* WHAT YOU NEED TO DO *
Your task is to copy the data exactly while leaving out every picture.

----- PROVIDED MATERIAL

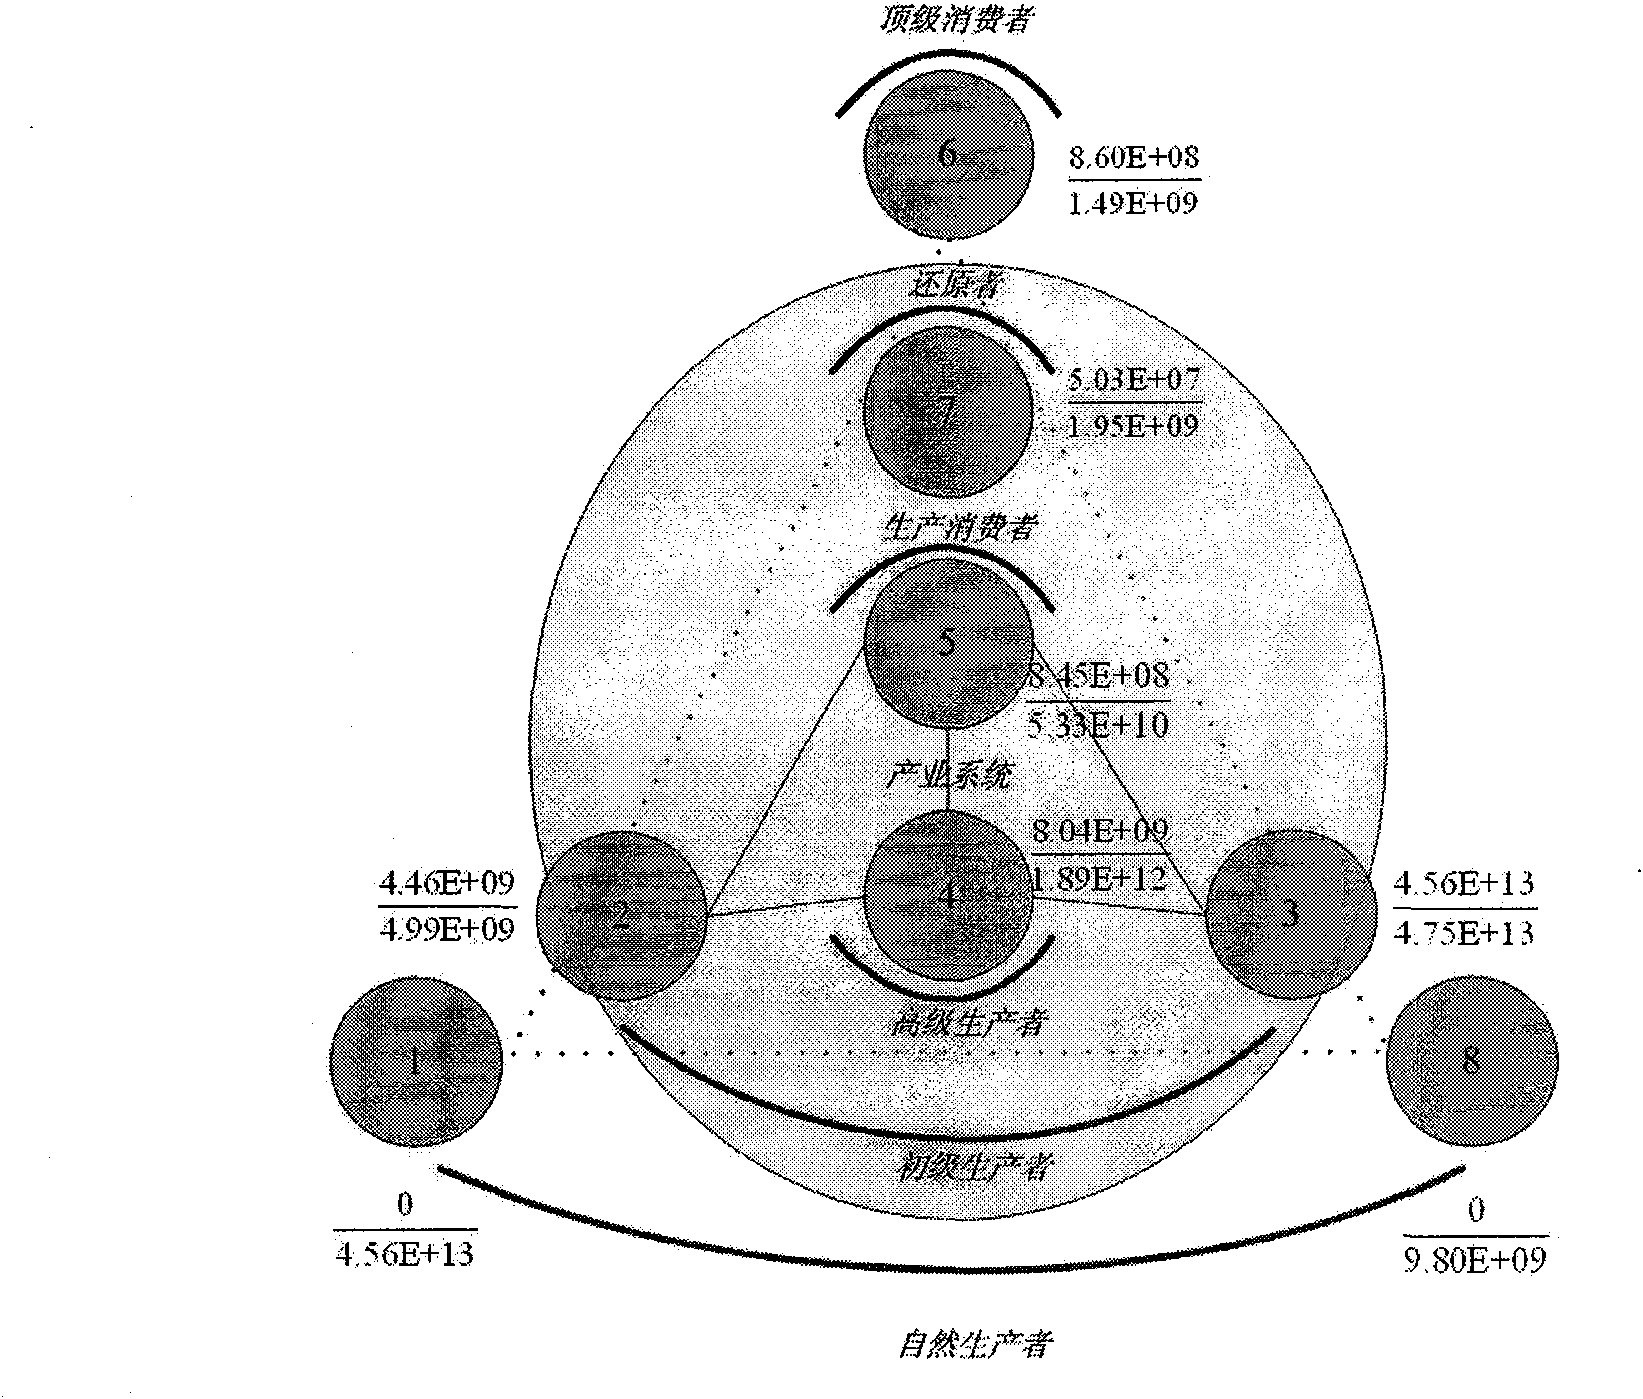 Analysis method for local area ecological network
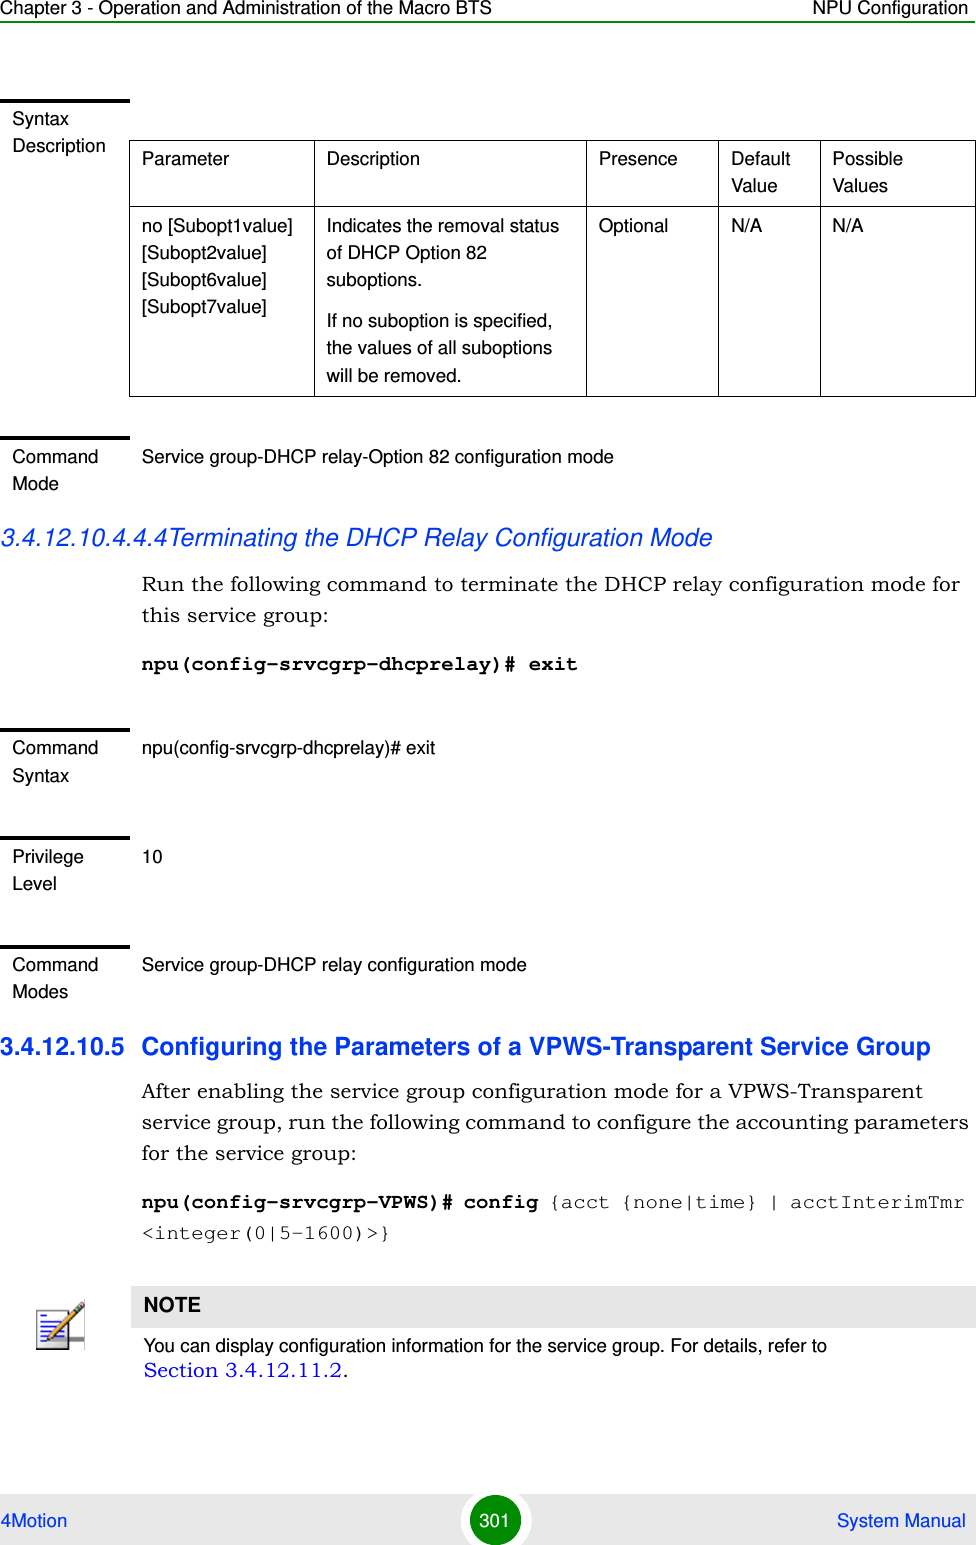 Chapter 3 - Operation and Administration of the Macro BTS NPU Configuration4Motion 301  System Manual3.4.12.10.4.4.4Terminating the DHCP Relay Configuration ModeRun the following command to terminate the DHCP relay configuration mode for this service group: npu(config-srvcgrp-dhcprelay)# exit3.4.12.10.5 Configuring the Parameters of a VPWS-Transparent Service GroupAfter enabling the service group configuration mode for a VPWS-Transparent service group, run the following command to configure the accounting parameters for the service group:npu(config-srvcgrp-VPWS)# config {acct {none|time} | acctInterimTmr &lt;integer(0|5-1600)&gt;}Syntax Description Parameter Description Presence Default ValuePossible Valuesno [Subopt1value] [Subopt2value] [Subopt6value] [Subopt7value]Indicates the removal status of DHCP Option 82 suboptions.If no suboption is specified, the values of all suboptions will be removed.Optional N/A N/ACommand ModeService group-DHCP relay-Option 82 configuration modeCommand Syntaxnpu(config-srvcgrp-dhcprelay)# exitPrivilege Level10Command ModesService group-DHCP relay configuration modeNOTEYou can display configuration information for the service group. For details, refer to Section 3.4.12.11.2.
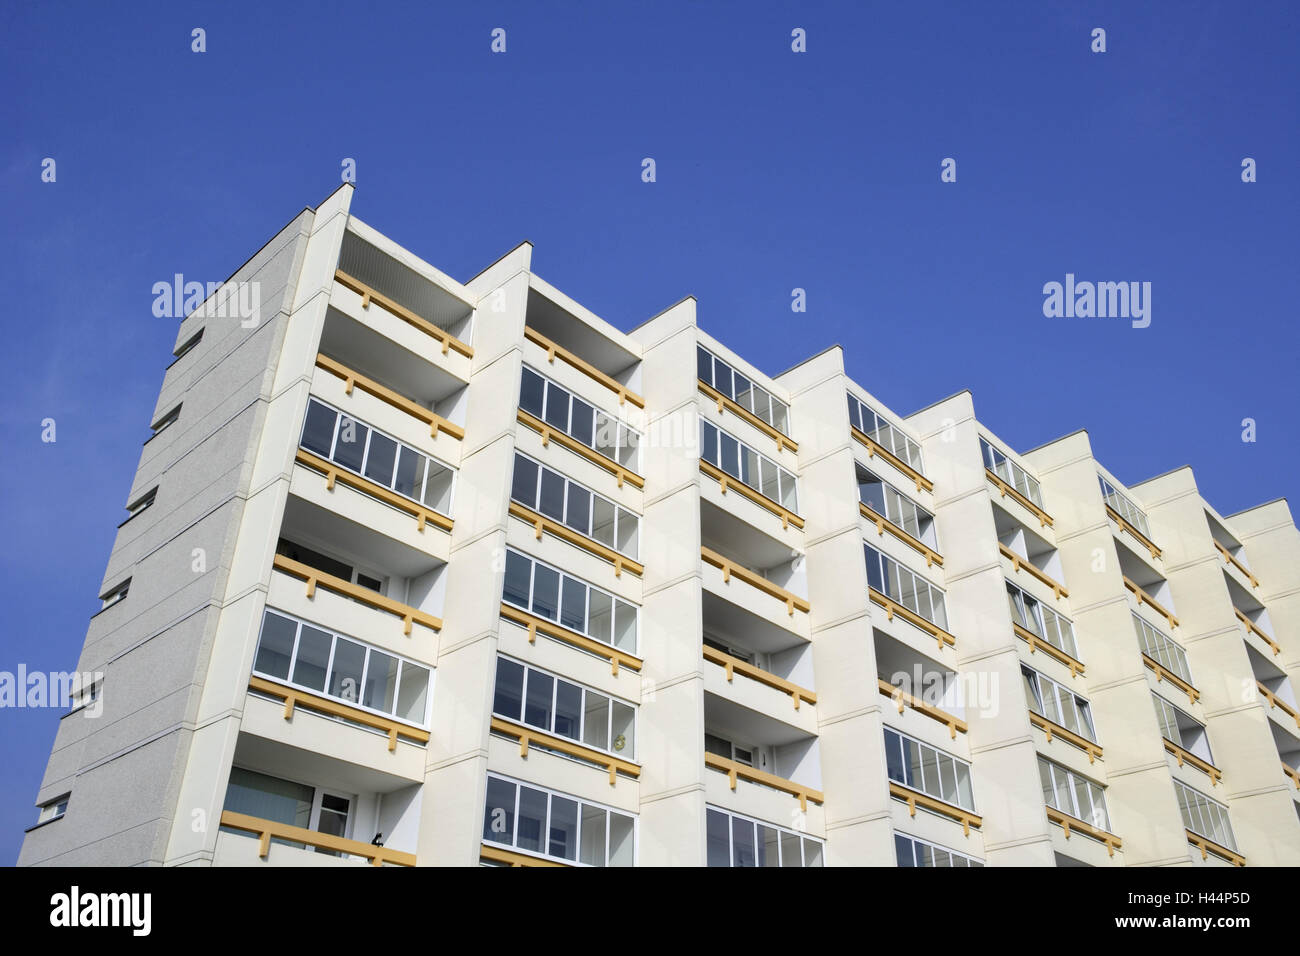 Germany, Lower Saxony, Cuxhaven, hotel, heaven, blue, North Germany, building, high rise, hotel building, beach hotel, outside, architecture, tourism, vacation, holiday apartments, flats, balconies, windows, tag, Stock Photo
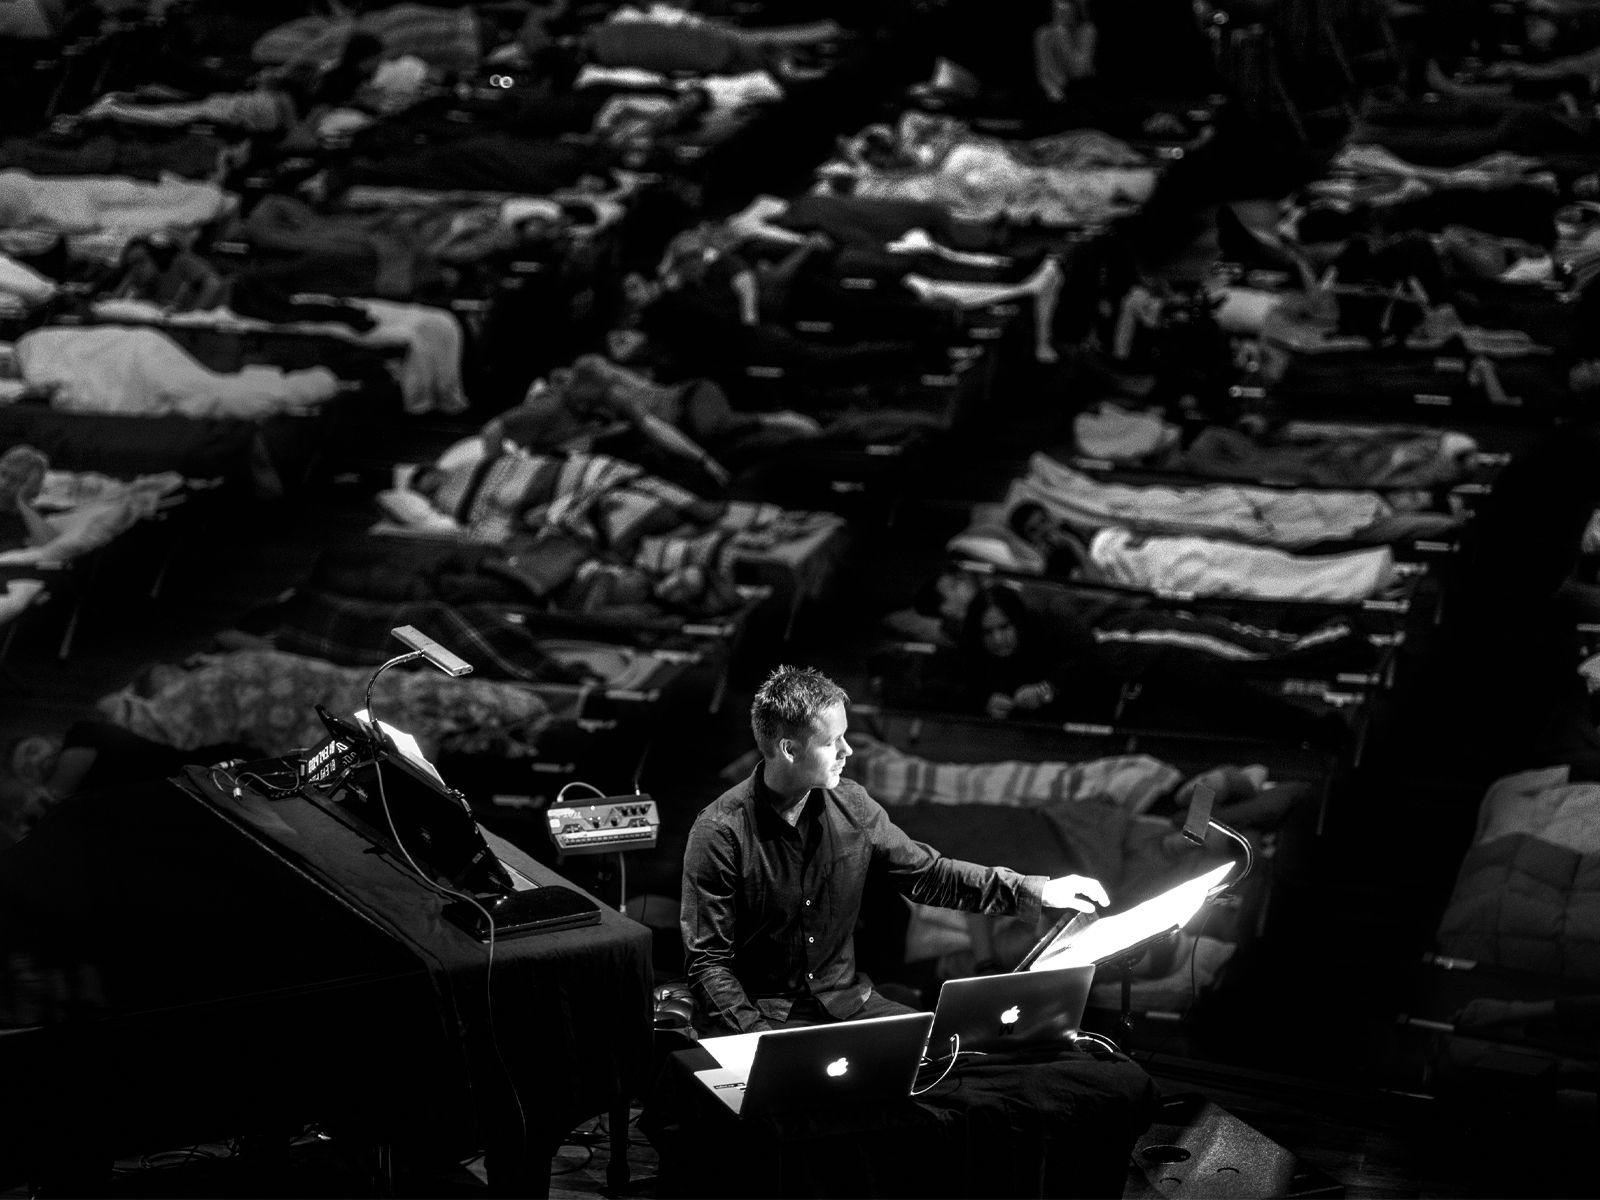 Max Richter performing, with several people sleeping in beds behind him.

----------

* RESULT OF THIS EXERCISE *
 Analysis method for local area ecological network
 Chapter 3 - Operation and Administration of the Macro BTS NPU Configuration4Motion 301  System Manual3.4.12.10.4.4.4Terminating the DHCP Relay Configuration ModeRun the following command to terminate the DHCP relay configuration mode for this service group: npu(config-srvcgrp-dhcprelay)# exit3.4.12.10.5 Configuring the Parameters of a VPWS-Transparent Service GroupAfter enabling the service group configuration mode for a VPWS-Transparent service group, run the following command to configure the accounting parameters for the service group:npu(config-srvcgrp-VPWS)# config {acct {none|time} | acctInterimTmr &lt;integer(0|5-1600)&gt;}Syntax Description Parameter Description Presence Default ValuePossible Valuesno [Subopt1value] [Subopt2value] [Subopt6value] [Subopt7value]Indicates the removal status of DHCP Option 82 suboptions.If no suboption is specified, the values of all suboptions will be removed.Optional N/A N/ACommand ModeService group-DHCP relay-Option 82 configuration modeCommand Syntaxnpu(config-srvcgrp-dhcprelay)# exitPrivilege Level10Command ModesService group-DHCP relay configuration modeNOTEYou can display configuration information for the service group. For details, refer to Section 3.4.12.11.2.
 Germany, Lower Saxony, Cuxhaven, hotel, heaven, blue, North Germany, building, high rise, hotel building, beach hotel, outside, architecture, tourism, vacation, holiday apartments, flats, balconies, windows, tag, Stock Photo
 Max Richter performing, with several people sleeping in beds behind him.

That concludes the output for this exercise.